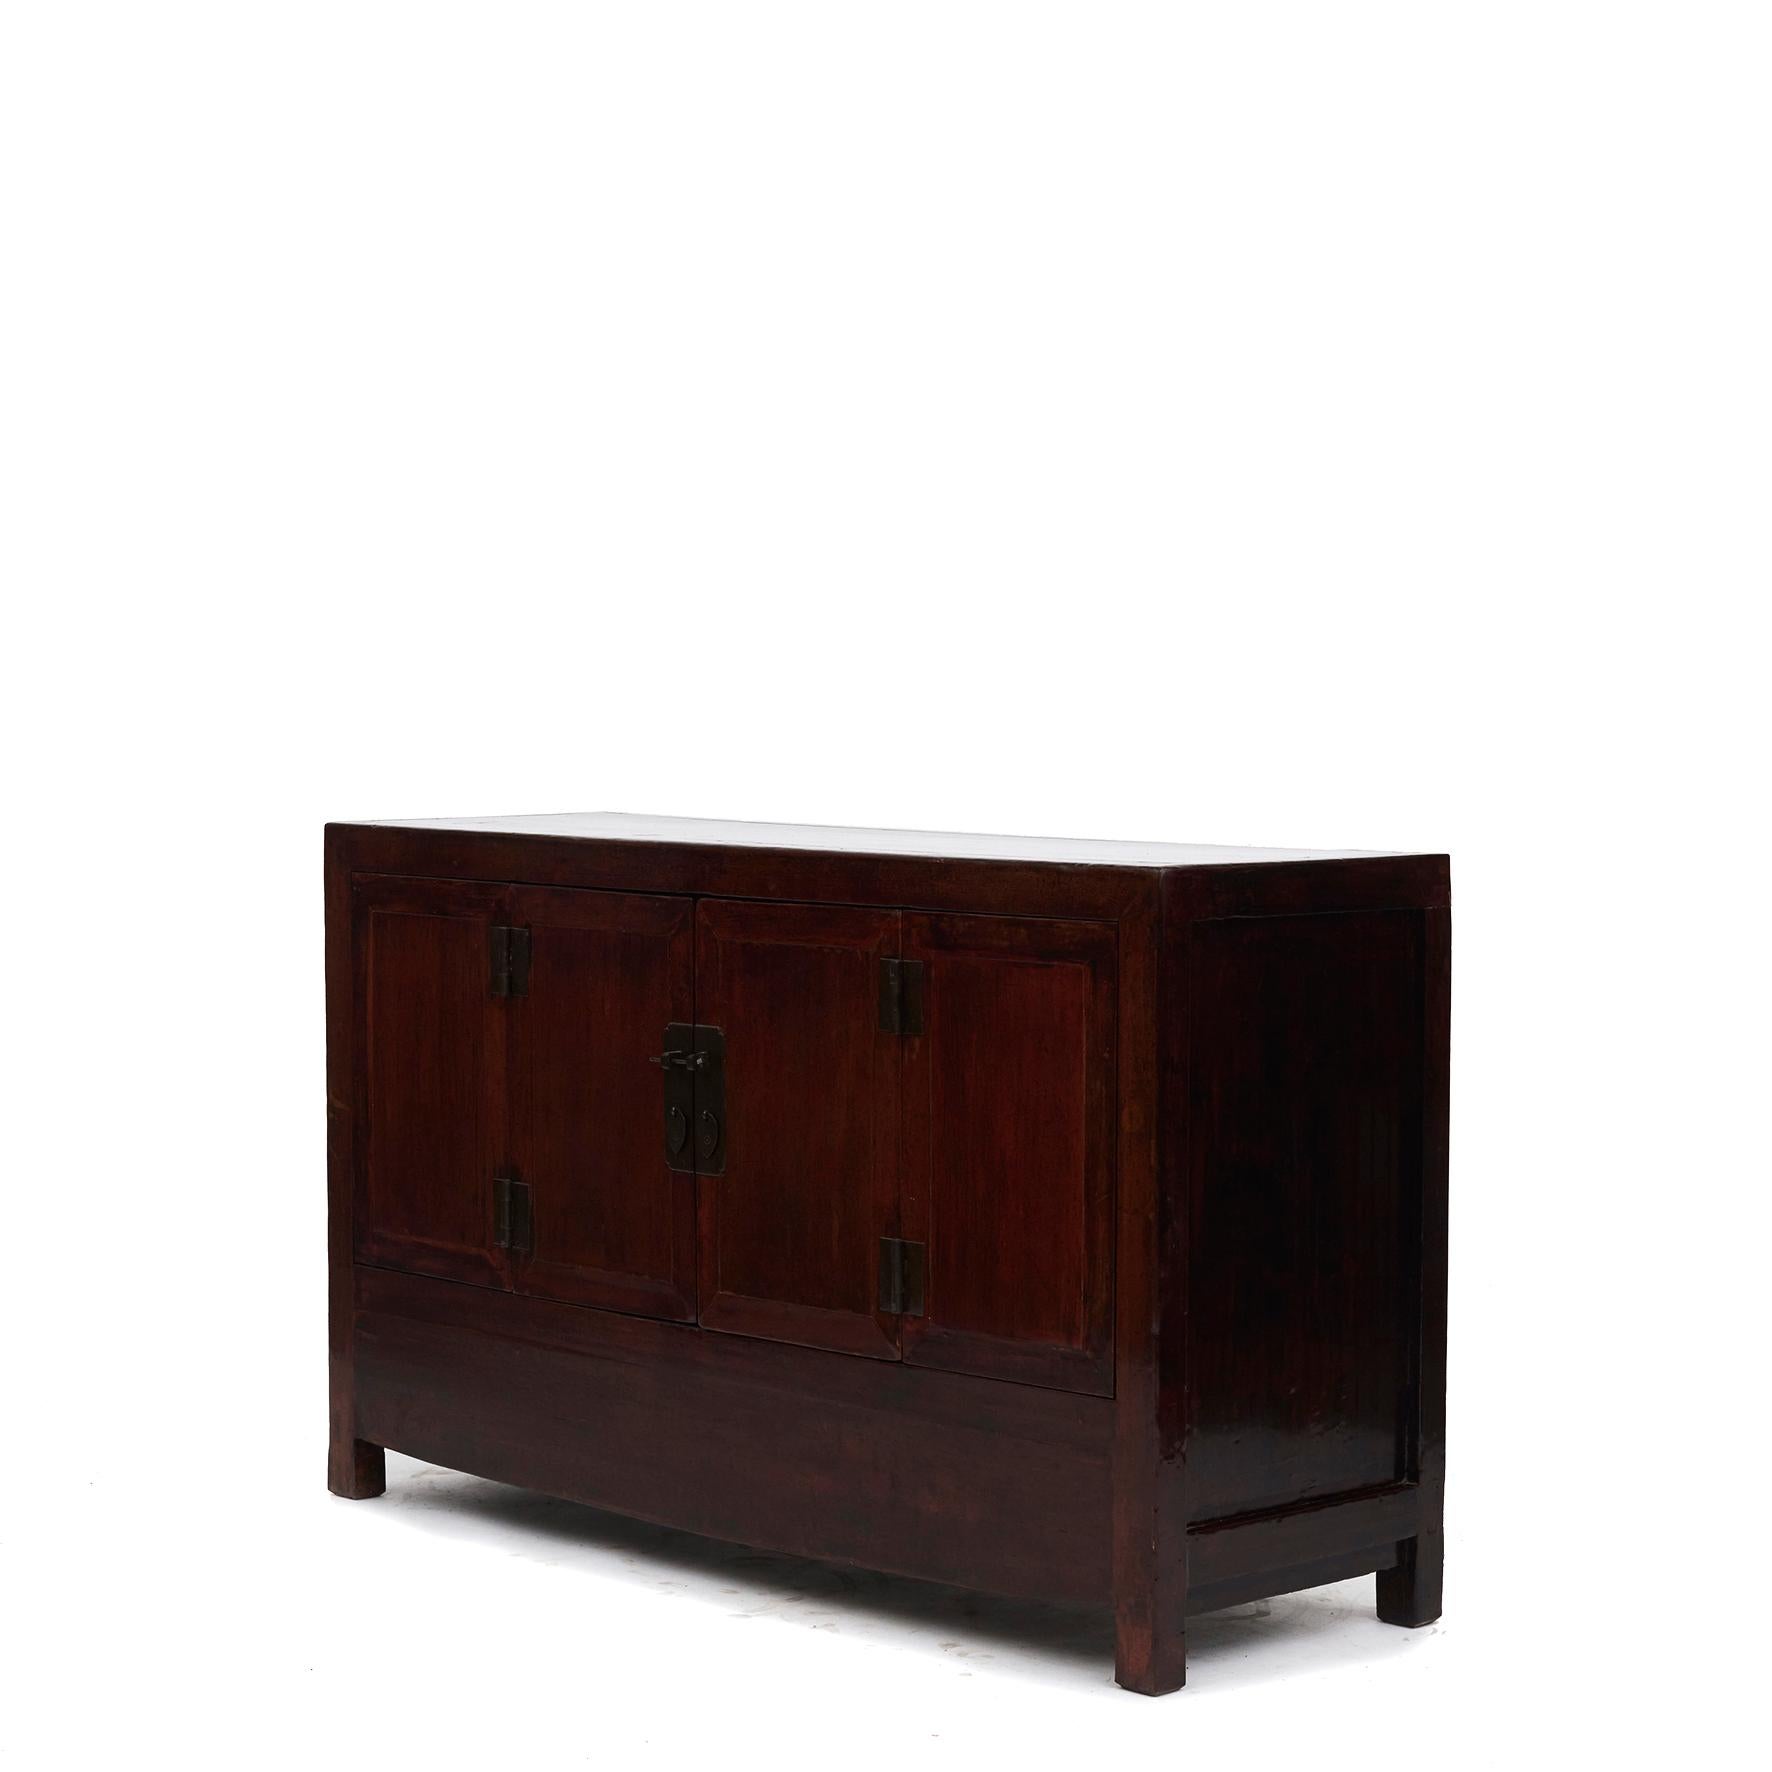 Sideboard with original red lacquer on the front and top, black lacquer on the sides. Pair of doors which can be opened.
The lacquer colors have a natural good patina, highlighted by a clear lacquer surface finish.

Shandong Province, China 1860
§
Go through the material and set it down again exactly, but without any pictures.

## Problem solution
 Sideboard with original red lacquer on the front and top, black lacquer on the sides. Pair of doors which can be opened.
The lacquer colors have a natural good patina, highlighted by a clear lacquer surface finish.

Shandong Province, China 1860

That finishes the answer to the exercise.